[Stored items from a collection]
_ _ _ _
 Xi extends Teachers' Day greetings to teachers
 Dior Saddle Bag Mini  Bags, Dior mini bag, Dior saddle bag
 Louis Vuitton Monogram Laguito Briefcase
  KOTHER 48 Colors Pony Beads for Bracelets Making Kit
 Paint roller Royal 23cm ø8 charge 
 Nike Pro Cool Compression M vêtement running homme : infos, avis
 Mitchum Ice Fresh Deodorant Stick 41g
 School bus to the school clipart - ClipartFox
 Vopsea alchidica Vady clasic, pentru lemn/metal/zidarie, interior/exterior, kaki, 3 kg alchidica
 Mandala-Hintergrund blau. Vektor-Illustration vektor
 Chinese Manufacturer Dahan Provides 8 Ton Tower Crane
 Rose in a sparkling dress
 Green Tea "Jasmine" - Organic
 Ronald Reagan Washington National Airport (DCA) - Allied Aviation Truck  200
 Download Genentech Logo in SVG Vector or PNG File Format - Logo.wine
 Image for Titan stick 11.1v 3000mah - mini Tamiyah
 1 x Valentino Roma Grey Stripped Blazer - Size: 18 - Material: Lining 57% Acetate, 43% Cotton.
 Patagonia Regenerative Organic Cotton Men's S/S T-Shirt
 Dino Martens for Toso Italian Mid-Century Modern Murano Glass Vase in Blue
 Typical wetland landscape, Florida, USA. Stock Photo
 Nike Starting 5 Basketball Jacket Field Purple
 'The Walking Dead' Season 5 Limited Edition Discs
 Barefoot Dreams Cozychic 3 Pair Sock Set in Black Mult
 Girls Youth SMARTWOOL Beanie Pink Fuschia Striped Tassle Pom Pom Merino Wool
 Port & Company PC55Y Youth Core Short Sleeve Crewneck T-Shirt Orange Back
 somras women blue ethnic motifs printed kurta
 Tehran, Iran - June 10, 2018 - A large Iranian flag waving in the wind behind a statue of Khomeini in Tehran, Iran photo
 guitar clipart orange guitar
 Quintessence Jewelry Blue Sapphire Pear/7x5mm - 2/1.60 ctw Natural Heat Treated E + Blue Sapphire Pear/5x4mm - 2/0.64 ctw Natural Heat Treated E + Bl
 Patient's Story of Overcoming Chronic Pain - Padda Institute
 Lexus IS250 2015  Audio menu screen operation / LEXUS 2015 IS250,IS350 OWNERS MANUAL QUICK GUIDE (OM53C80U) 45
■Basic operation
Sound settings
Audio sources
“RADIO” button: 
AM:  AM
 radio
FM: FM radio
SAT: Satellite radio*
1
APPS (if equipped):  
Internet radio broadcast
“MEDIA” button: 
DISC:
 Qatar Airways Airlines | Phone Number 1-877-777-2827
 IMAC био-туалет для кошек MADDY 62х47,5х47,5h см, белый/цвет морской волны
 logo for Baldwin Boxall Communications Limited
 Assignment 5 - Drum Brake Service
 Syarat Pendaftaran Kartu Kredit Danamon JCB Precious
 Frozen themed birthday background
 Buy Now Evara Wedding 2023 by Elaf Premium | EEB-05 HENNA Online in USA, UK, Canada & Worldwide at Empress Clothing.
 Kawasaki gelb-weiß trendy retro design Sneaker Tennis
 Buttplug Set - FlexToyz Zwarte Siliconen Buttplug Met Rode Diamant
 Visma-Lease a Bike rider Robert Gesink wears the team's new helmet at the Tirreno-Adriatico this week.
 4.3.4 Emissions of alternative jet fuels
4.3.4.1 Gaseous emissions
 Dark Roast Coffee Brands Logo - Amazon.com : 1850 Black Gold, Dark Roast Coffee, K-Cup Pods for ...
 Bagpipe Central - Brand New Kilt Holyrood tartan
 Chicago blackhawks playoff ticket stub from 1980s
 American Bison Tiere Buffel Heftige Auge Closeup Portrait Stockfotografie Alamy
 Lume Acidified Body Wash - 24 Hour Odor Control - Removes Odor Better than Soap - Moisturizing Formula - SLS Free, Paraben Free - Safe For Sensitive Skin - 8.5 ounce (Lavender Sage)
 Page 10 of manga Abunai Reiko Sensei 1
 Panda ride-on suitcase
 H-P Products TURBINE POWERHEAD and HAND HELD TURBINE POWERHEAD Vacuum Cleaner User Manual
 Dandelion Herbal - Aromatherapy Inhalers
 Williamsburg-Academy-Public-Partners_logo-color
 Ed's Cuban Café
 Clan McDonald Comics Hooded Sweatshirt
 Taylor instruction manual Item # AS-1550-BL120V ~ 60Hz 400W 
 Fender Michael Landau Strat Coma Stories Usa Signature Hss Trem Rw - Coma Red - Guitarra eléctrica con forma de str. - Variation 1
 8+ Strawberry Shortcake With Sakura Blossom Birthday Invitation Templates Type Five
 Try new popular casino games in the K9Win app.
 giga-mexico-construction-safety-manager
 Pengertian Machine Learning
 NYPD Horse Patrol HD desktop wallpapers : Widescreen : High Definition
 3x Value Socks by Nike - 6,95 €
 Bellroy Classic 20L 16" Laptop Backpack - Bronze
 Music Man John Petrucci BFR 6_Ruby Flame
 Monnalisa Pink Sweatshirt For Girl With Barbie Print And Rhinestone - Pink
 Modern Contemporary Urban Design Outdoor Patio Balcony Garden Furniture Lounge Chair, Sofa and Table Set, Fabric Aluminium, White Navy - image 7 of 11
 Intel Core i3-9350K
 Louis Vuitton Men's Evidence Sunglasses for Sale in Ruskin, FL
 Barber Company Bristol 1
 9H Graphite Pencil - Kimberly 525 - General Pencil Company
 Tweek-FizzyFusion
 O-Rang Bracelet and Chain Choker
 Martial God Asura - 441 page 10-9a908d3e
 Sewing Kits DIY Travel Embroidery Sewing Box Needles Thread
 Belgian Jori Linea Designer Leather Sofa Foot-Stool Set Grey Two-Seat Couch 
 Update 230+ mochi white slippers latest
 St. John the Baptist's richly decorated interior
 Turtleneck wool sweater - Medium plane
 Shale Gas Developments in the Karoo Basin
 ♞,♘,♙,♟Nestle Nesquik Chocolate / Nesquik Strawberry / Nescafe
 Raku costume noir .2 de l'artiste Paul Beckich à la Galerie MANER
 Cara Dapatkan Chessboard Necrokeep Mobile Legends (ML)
_ _ _ _
■ **REQUIREMENT**:
Leave out every line above except those from the line with "Clan McDonald Comics Hooded Sweatshirt" up to and including the line with "Intel Core i3-9350K", and copy those exactly.

■ **REPLY**:
 Clan McDonald Comics Hooded Sweatshirt
 Taylor instruction manual Item # AS-1550-BL120V ~ 60Hz 400W 
 Fender Michael Landau Strat Coma Stories Usa Signature Hss Trem Rw - Coma Red - Guitarra eléctrica con forma de str. - Variation 1
 8+ Strawberry Shortcake With Sakura Blossom Birthday Invitation Templates Type Five
 Try new popular casino games in the K9Win app.
 giga-mexico-construction-safety-manager
 Pengertian Machine Learning
 NYPD Horse Patrol HD desktop wallpapers : Widescreen : High Definition
 3x Value Socks by Nike - 6,95 €
 Bellroy Classic 20L 16" Laptop Backpack - Bronze
 Music Man John Petrucci BFR 6_Ruby Flame
 Monnalisa Pink Sweatshirt For Girl With Barbie Print And Rhinestone - Pink
 Modern Contemporary Urban Design Outdoor Patio Balcony Garden Furniture Lounge Chair, Sofa and Table Set, Fabric Aluminium, White Navy - image 7 of 11
 Intel Core i3-9350K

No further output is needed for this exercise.